Excellent idea. You may want to call up King county and give them this idea. Also, passing this suggestion to, and Rep. Rush Holt's staff.

by NeuvoLiberal 2005-12-21 07:19PM | 0 recs
i've been absentee ever since Diebold infected CA.
And honestly, although the excitement of going to the polls is nice, knowing your vote counts is even better.

Does Diebold do the GEMS for central tabulation?
because if so that's a problem, but at the very least we know that we can rely on hand recounts.


by neutron 2005-12-21 02:57PM | 0 recs
They do use the GEMS central tabulator as well as the optical scanners.
by Crazy Vaclav 2005-12-21 07:13PM | 0 recs
Re: King County to switch to only mail-in voting

Forced Mail-in Voting Class Action Lawsuit0

Most Washington State Polling Places are being shutdown. Millions of disenfranchised voters are now forced to vote by mail-in ballots thereby opening the way for massive voter-fraud.

Please join the class action lawsuit challenging forced Mail-in Voting in Washington State. The lawsuit will claim that there is no assurance to the voter that the ballot cast is private, is received, and is counted as cast. The voter also has no assurance that other voters are actually qualified to vote. (Many dead people have been voting via mail-in ballots as well as voters voting simultaneously in multiple states via multiple mail-in ballots). Additionally Washington State election officials have not been able to track and account for the mail-in ballots they send thereby opening the way for voter fraud.
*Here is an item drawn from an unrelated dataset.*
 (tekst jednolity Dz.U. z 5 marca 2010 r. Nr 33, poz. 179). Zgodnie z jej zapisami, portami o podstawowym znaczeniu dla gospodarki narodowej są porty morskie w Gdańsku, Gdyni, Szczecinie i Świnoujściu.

In contrast, voters casting ballots in Washington State at polling places must sign their names in front of two witnesses (poll workers) as well as show their identification prior to being permitted to vote. They are also not permitted to influence or observe how another voter votes. 'Except for the signature (which is not notarized), the mail-in ballots have none of these safeguards in place. (the election officials have recently turned off the vote counters on the machines so we cannot know that our ballot was counted as we cast it.)

The proposed law suit is based on the concept that elected officials cannot deny their constituents the right to vote. The "right to vote"  implys reasonable assurance to the voter that his ballot was counted as he cast it in a timely manner and that most if not all other voters are qualified to vote and that the voting be done in a public forum whenever possible. (i.e. a traditional polling place with voting machines that count votes)

Here is a quote  -- Attributed to Josef Stalin
 that underscores the issue.
""It is enough that the people know there was an election.
  The people who cast the votes decide nothing.
  The people who count the votes decide everything."